言い換えれば、本発明におけるDGLA含有脂質の製造方法又は微生物油の製造方法は、アラキドン酸を生産可能な微生物を変異させることにより得られ、Δ5不飽和化活性が低下又は欠失した微生物を培養することによって、脂質中のジホモ−γ−リノレン酸に対するアラキドン酸の含有率が低い脂質を製造する方法であって、微生物の培養液に、例えば2種類のΔ5不飽和化酵素阻害剤を添加することを含む方法であってもよい。
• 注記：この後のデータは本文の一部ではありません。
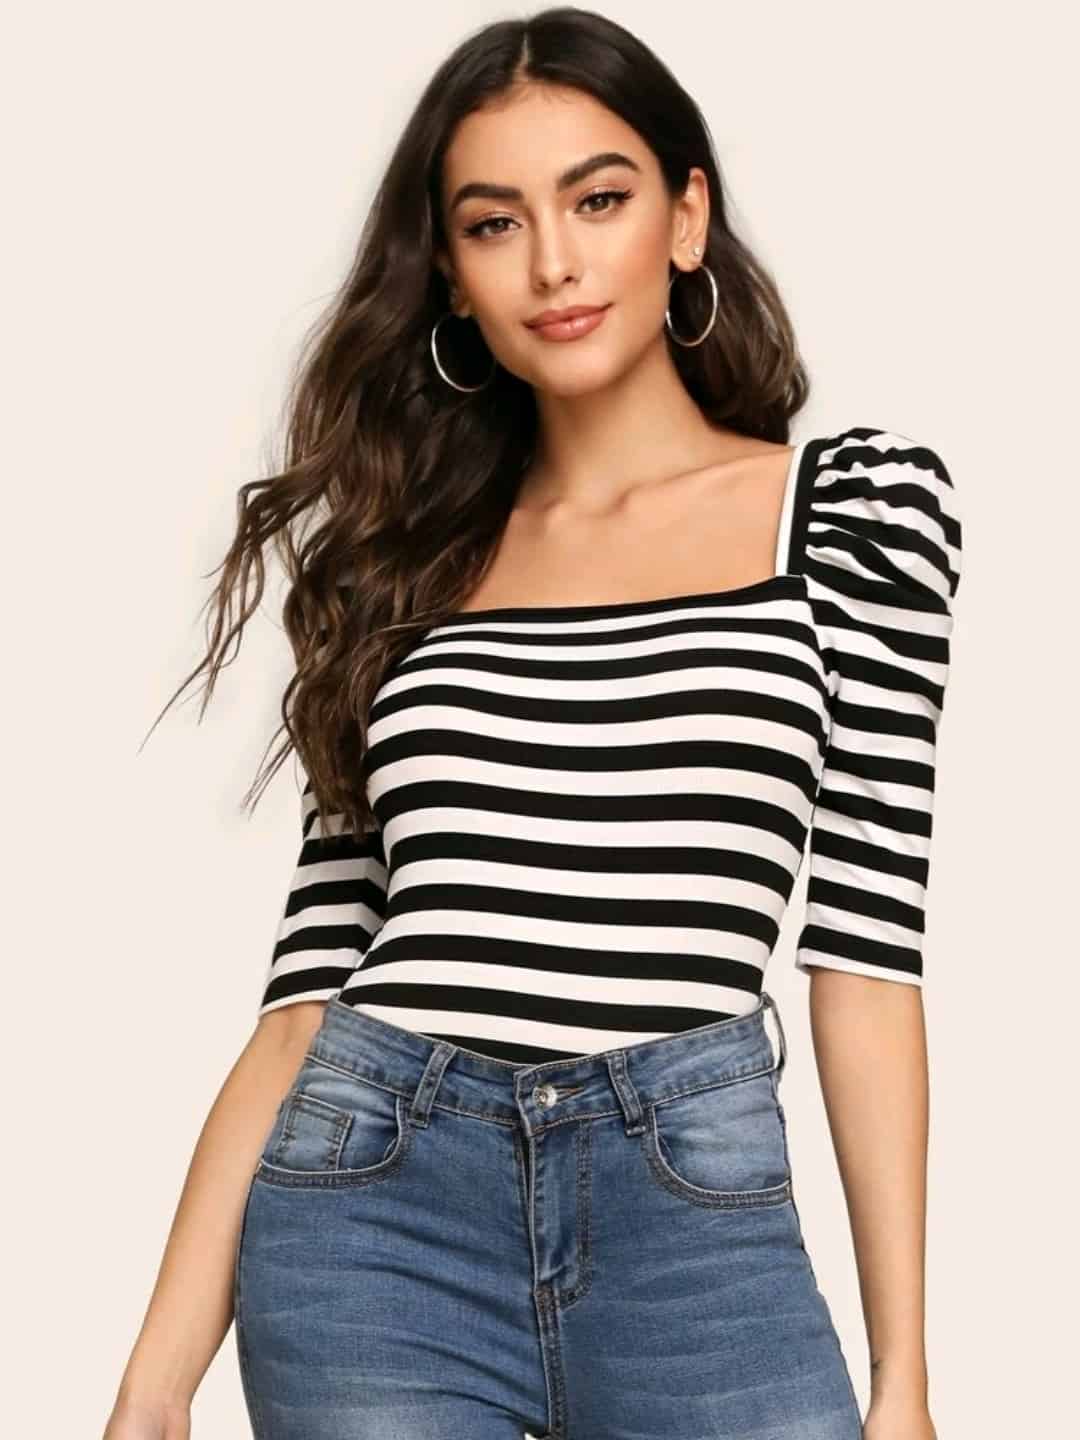 SHEIN Puff Sleeve Square Neck Top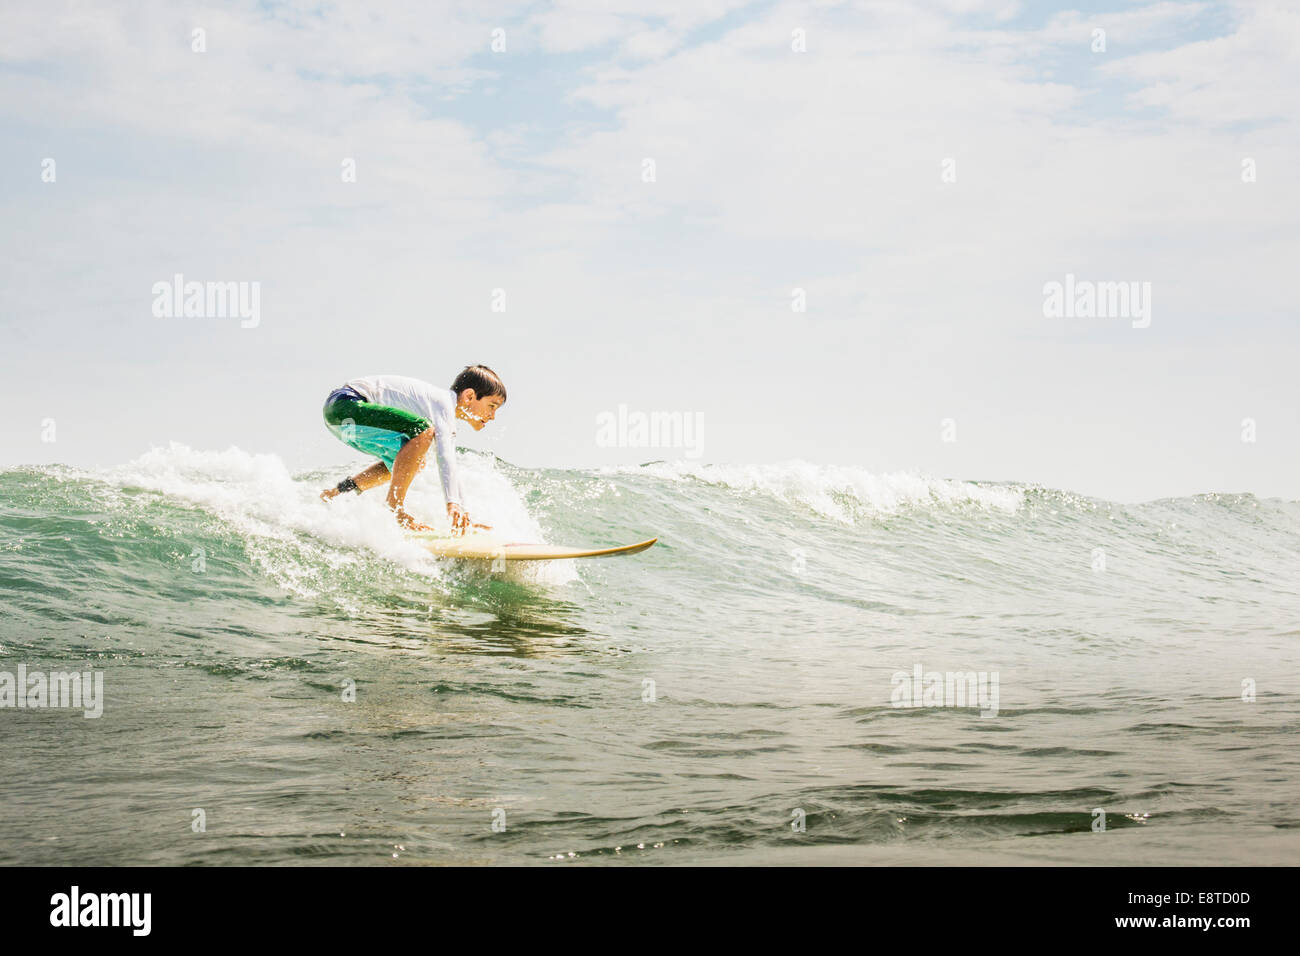 Mixed race boy surfing in waves Stock Photo

生産工程で用いられる脂質生産が既知の微生物は、好ましくは、モルティエレラ(Mortierella)属、コニディオボラス(Conidiobolus)属、フィチウム(Pythium)属、フィトフトラ(Phytophthora)属、ペニシリューム(Penicillium)属、クラドスポリューム(Cladosporium)属、ムコール(Mucor)属、フザリューム(Fusarium)属、アスペルギルス(Aspergillus)属、ロードトルラ(Rhodotorula)属、エントモフトラ(Entomophthora)属、エキノスポランジウム(Echinosporangium)属、及びサプロレグニア(Saprolegnia)属の微生物からなる群から選択される少なくとも1種である。前記微生物としてはDGLA産生能を有する微生物であるべきであり、モルティエレラ(Mortierella)属に属する微生物が更に好ましい。
前記微生物としては、天然状態と比較してΔ5不飽和化活性が低下又は欠失したような、Δ5不飽和化活性が低下又は欠失した微生物(以下、「低Δ5不飽和化活性微生物」と称する。)であることが更に好ましい。ARA生産機能を有する微生物の変異により得られるΔ5不飽和化活性が低下又は欠失した微生物であることがより更に好ましく、モルティエレラ(Mortierella)属に属し、かつ、ARA生産機能を有する微生物における及び/又はこの微生物の変異により得られるΔ5不飽和化活性が低下又は欠失した微生物であることが更により好ましい。変異に用いられるARA生産機能を有する微生物はとしては、ARA生産機能を有するモルティエレラ属の微生物が好ましい。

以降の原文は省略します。